An Evening with Yo La Tengo at The Heights Theater

Written by on March 1, 2024

Forming in Hoboken, N.J. in the early 1980s, Yo La Tengo (Spanish for “I got it”) began paving their path. By the early 90s, lovebirds Georgia Hubley and Ira Kaplan found the final addition to the band, bassist player James McNew. Now almost forty years later, Yo La Tengo is still on the road. 

Supporting their 17th and latest album, This Stupid World, Yo La Tengo has put fans in a trance with another world tour. On February 24, Houston was left mystified by the band’s performance. Yo La Tengo brought their discography to life at The Heights Theater.

Photo by Mia De Los Reyes

Originally a 1920s movie theater, The Heights Theater was a perfect venue for the band. The reminiscent aura contributed to Yo La Tengo’s free-spirited performance. Modestly, the band eased on stage, picked up their instruments and began the show. Kaplan’s guitar playing painted a new memory in each fan’s mind and the audience was allured into silence. 

Effortlessly, Hubley and Kaplan’’s mixed vocal tones met each other in the middle. Whisking away on the drums, Hubley carried each song with grace. “Brain Capers” gave way to McNew’s sturdy bass. Each band member lost themselves in their own world. The shoe-gaze adjacent song welcomed each member of the audience to do the same. 

Photo by Mia De Los Reyes

“Sudden Organ,” released the undertones of experimental rock in Yo La Tengo’s discography. As Kaplan moved his hands swiftly across the Ace Tone organ, bobbing heads followed Hubley’s drumming tempo. Embracing the eccentric duality of the band, swaying movements filled the crowd. The pattern of Yo La Tengo’s smooth transition into their diverse genre experimentation continued through the night. 

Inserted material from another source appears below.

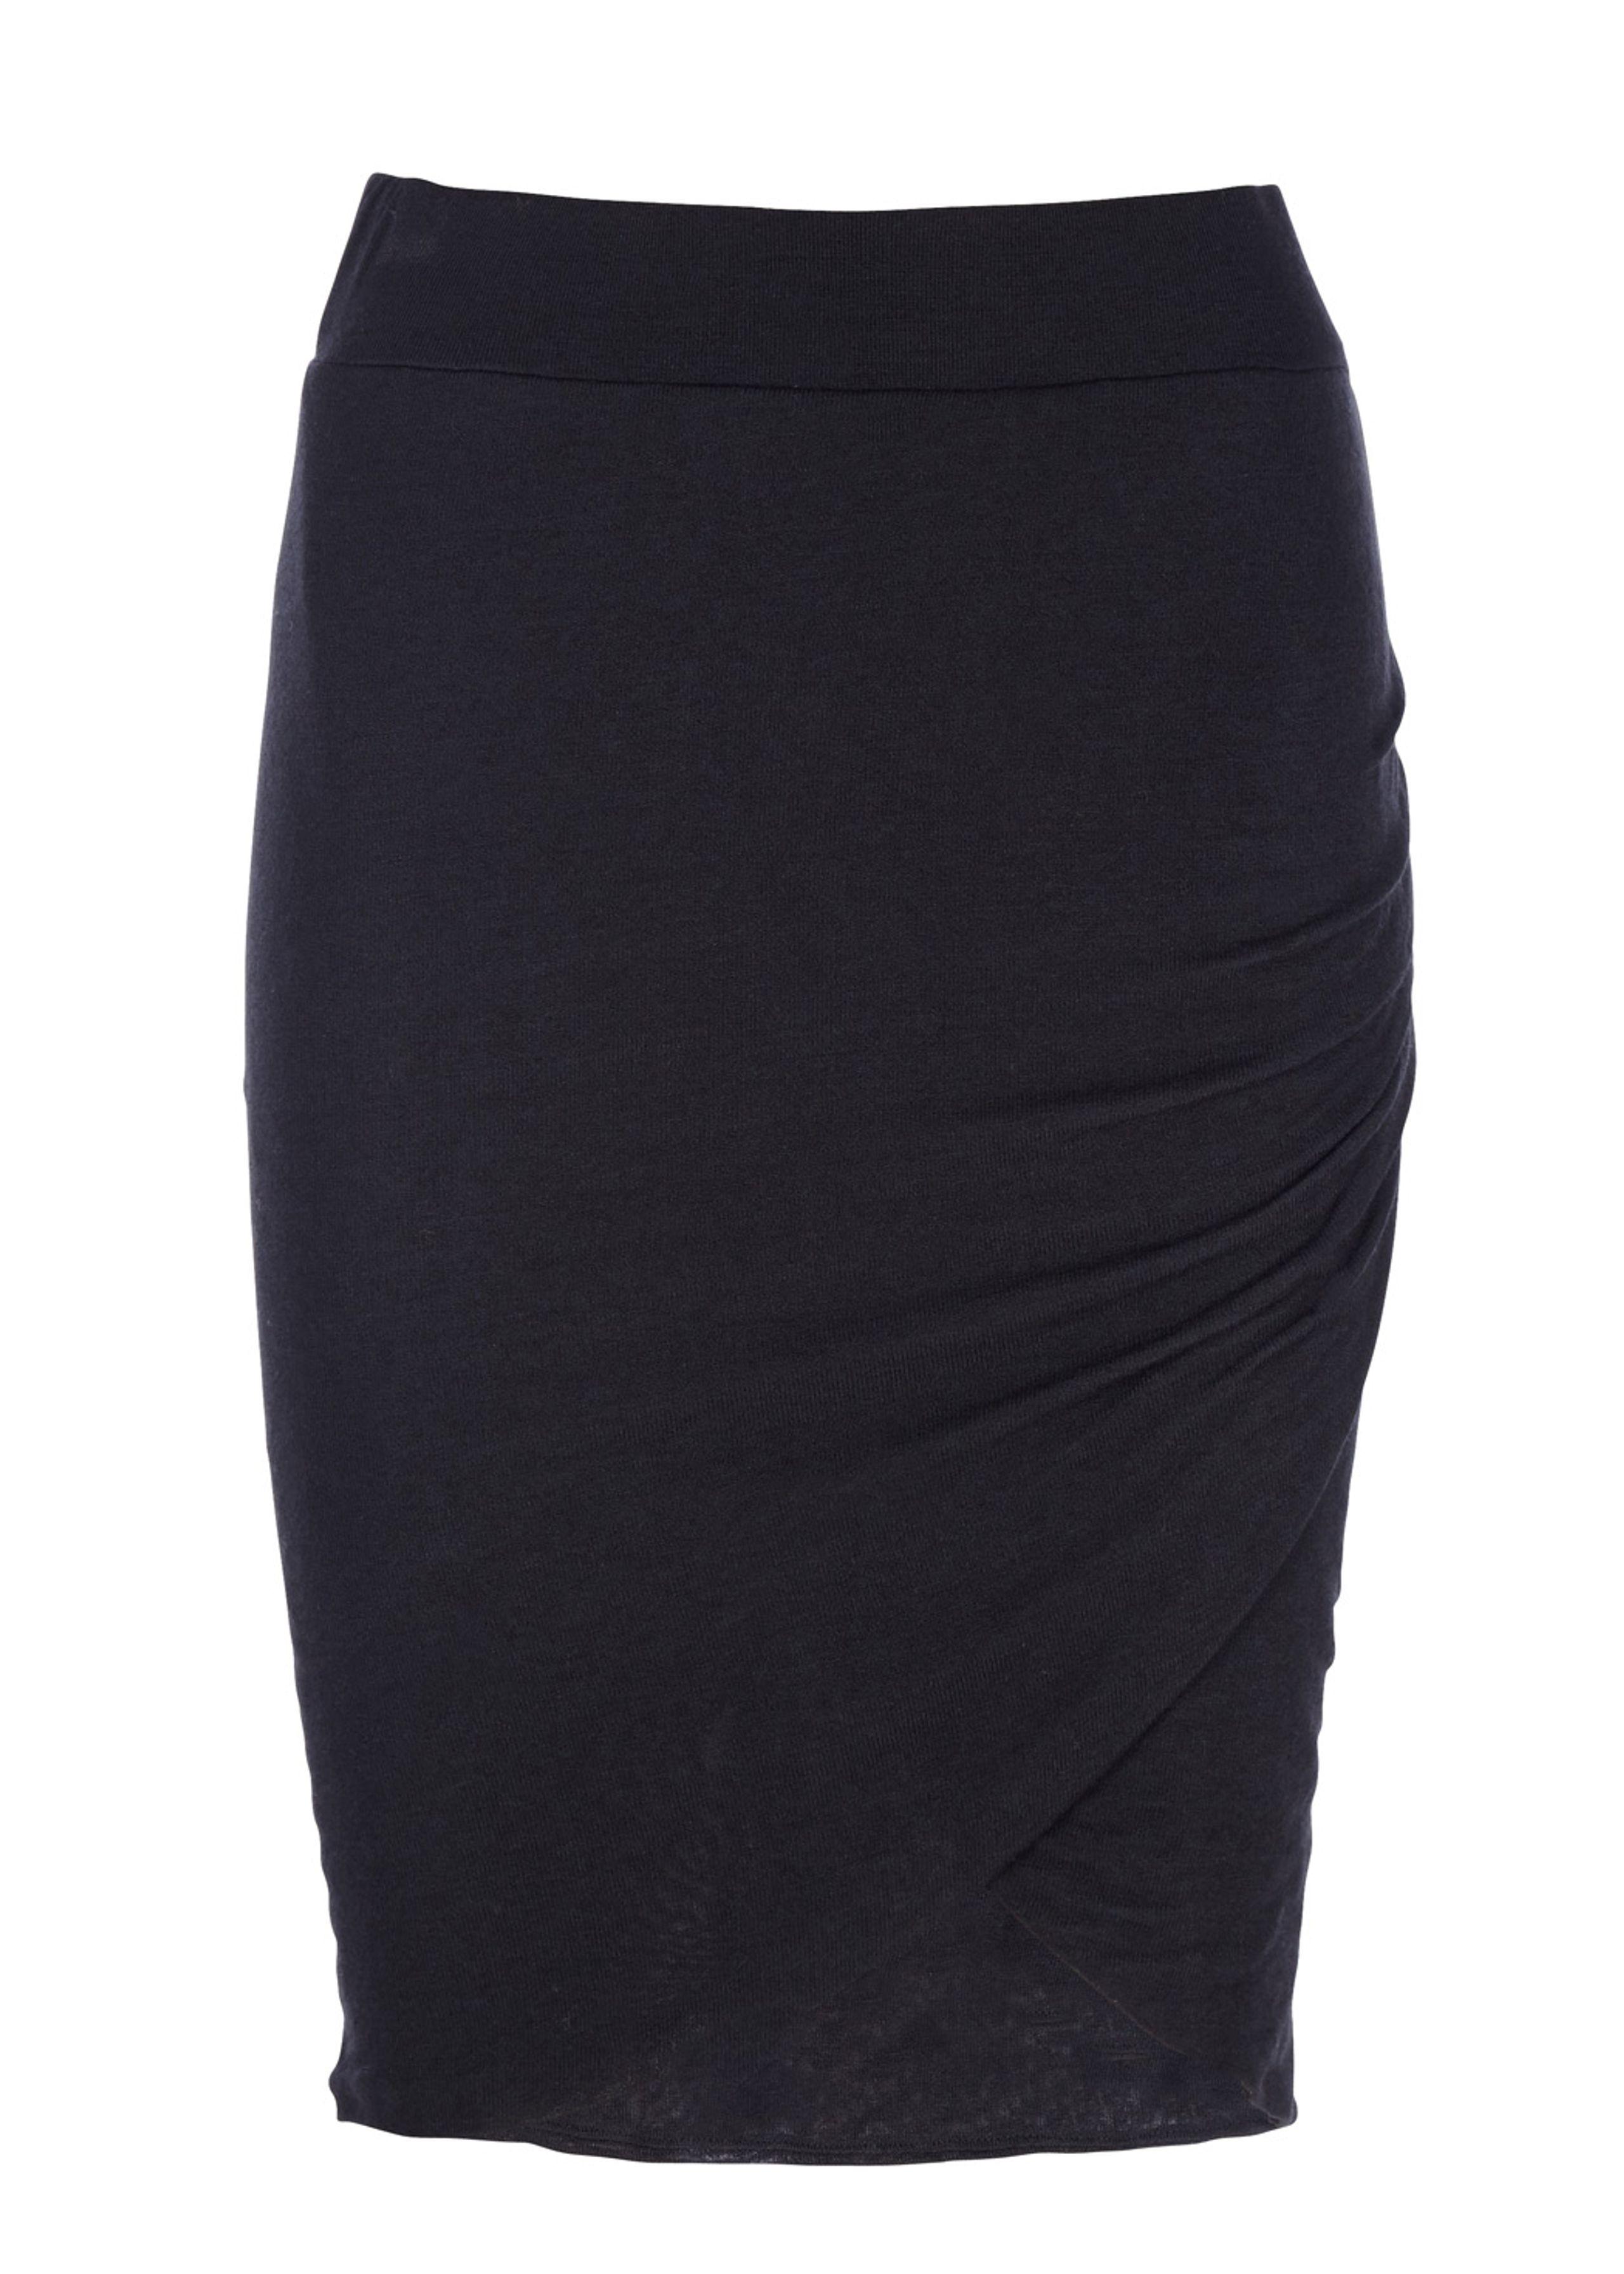 Wenke skirt

Hubley’s voice, akin to the comforting whisper of an old friend, echoed throughout each heart in the theater. Mastering the craft of making covers sound like originals, a mellowed version of 70s soul icon George McCrae’s “You Can Have It All,” poured over the audience. Harmonies between McNew and Kaplan backed Humbly’s steady soothing voice. 

Photo by Mia De Los Reyes

Gentle hums and a quiet sing-along began as the show ended with a fan favorite. Originally sung by 60s pop vocalist, Anita Bryant, Yo La Tengo’s cover of “My Little Corner Of The World,” resides as a staple song for the band.  

Capturing a range of emotions and environments in their music, Yo La Tengo transforms the complexity of one’s life circumstances into a delicate creation. The band continues to grow in their authentic direction, never losing the grasp of maintaining their sweet yet somber distinguishable sound.